С «Исповедью» в руках, полный душевного томления, Усимацу быстро зашагал к дому. Погруженный в свои мысли, он не заметил шедших ему навстречу школьных коллег. Один из них — Цутия Гинноскэ, с которым Усимацу дружил ещё в учительской семинарии; другой, совсем молодой человек, был только что назначен младшим учителем в их школу. Уже по тому, как не спеша они брели по улице, было видно, что они просто гуляют.
— Сэгава-кун,[4] ты только возвращаешься домой? — воскликнул Гинноскэ. — Что так поздно?

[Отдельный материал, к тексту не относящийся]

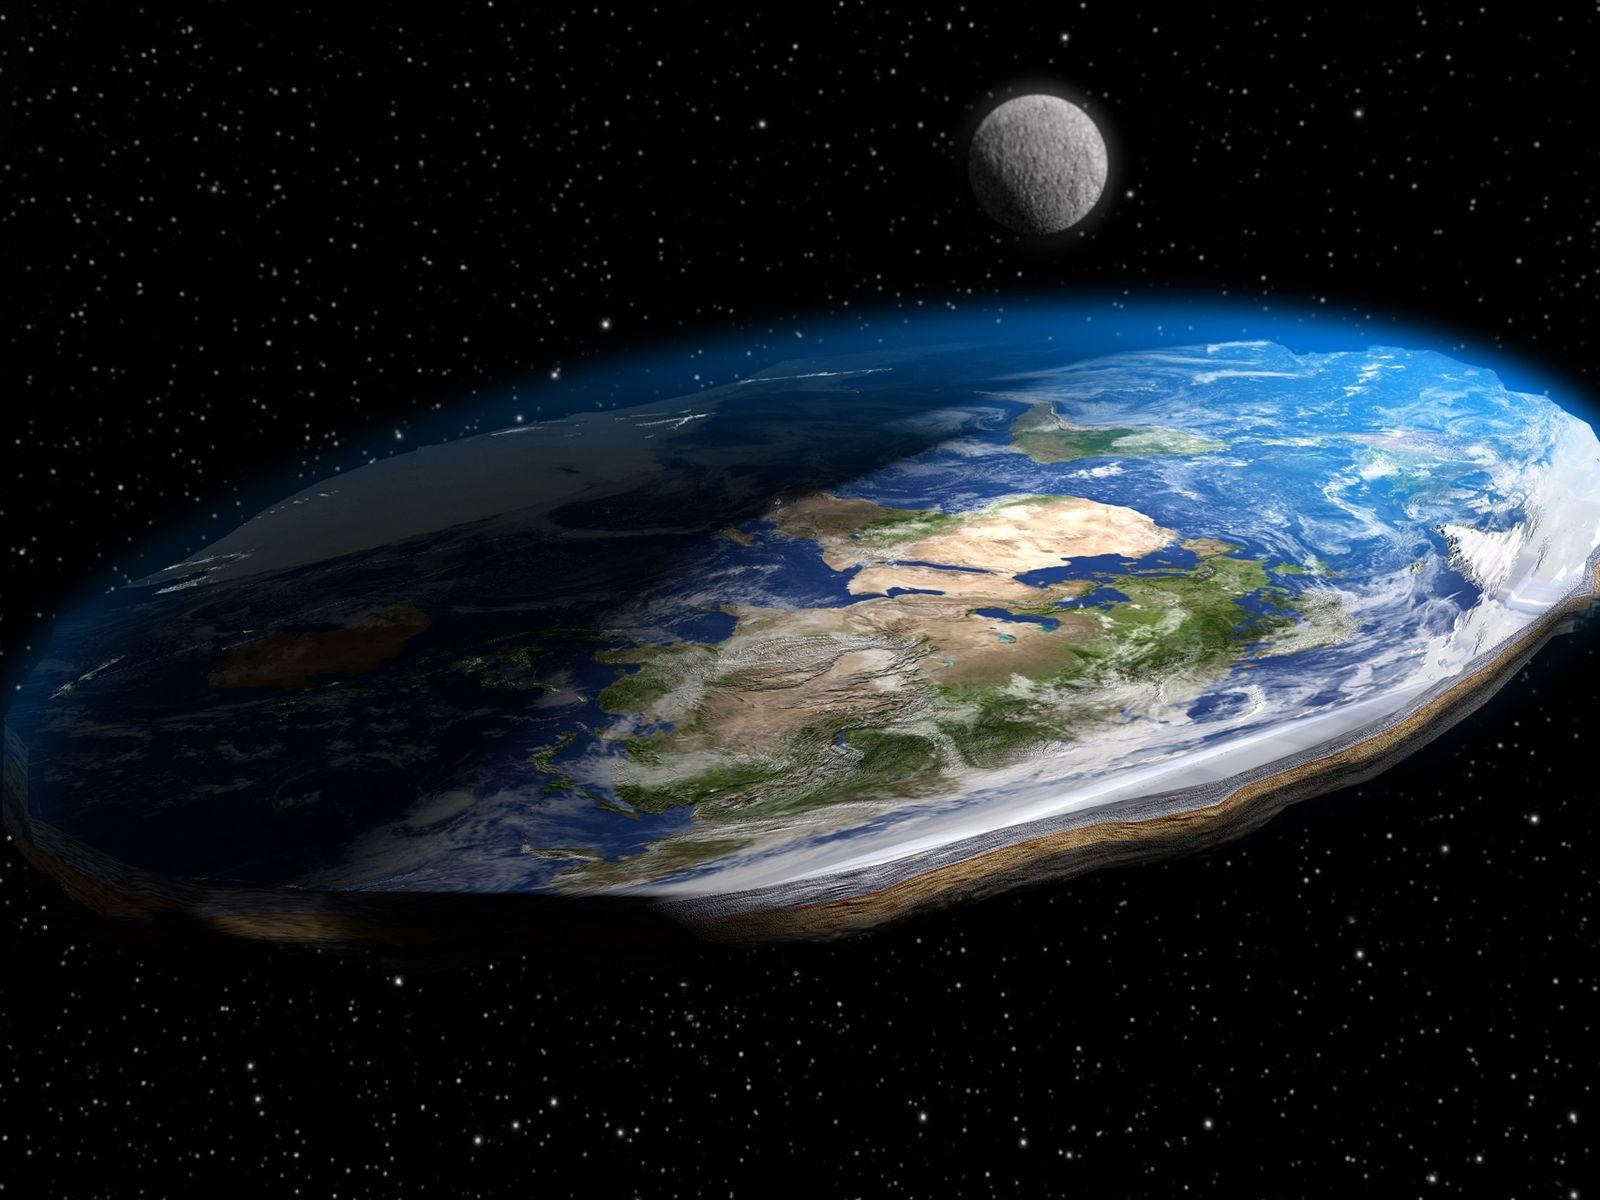 Satire über Wissenschaft: Die Erde ist eine Scheibe?

Гинноскэ, всегда прямодушный и дружески расположенный к Усимацу, сразу же заметил необычное выражение его лица: глубокие, всегда такие живые глаза Усимацу сейчас были полны грусти и затаённой тревоги. «Он, видно, нездоров», — думал про себя Гинноскэ, слушая рассказ Усимацу о том, что он ходил искать комнату.
— Опять ищешь? Ну и часто же ты меняешь квартиру! Ведь совсем недавно ты переехал в пансион, — искренне удивился Гинноскэ и добродушно рассмеялся. Но тут он заметил книгу в руках Усимацу. — Что это у тебя? Покажи!
Сунув тросточку под мышку, Гинноскэ протянул руку.
— А это… — со смущённой улыбкой подал ему книгу Усимацу.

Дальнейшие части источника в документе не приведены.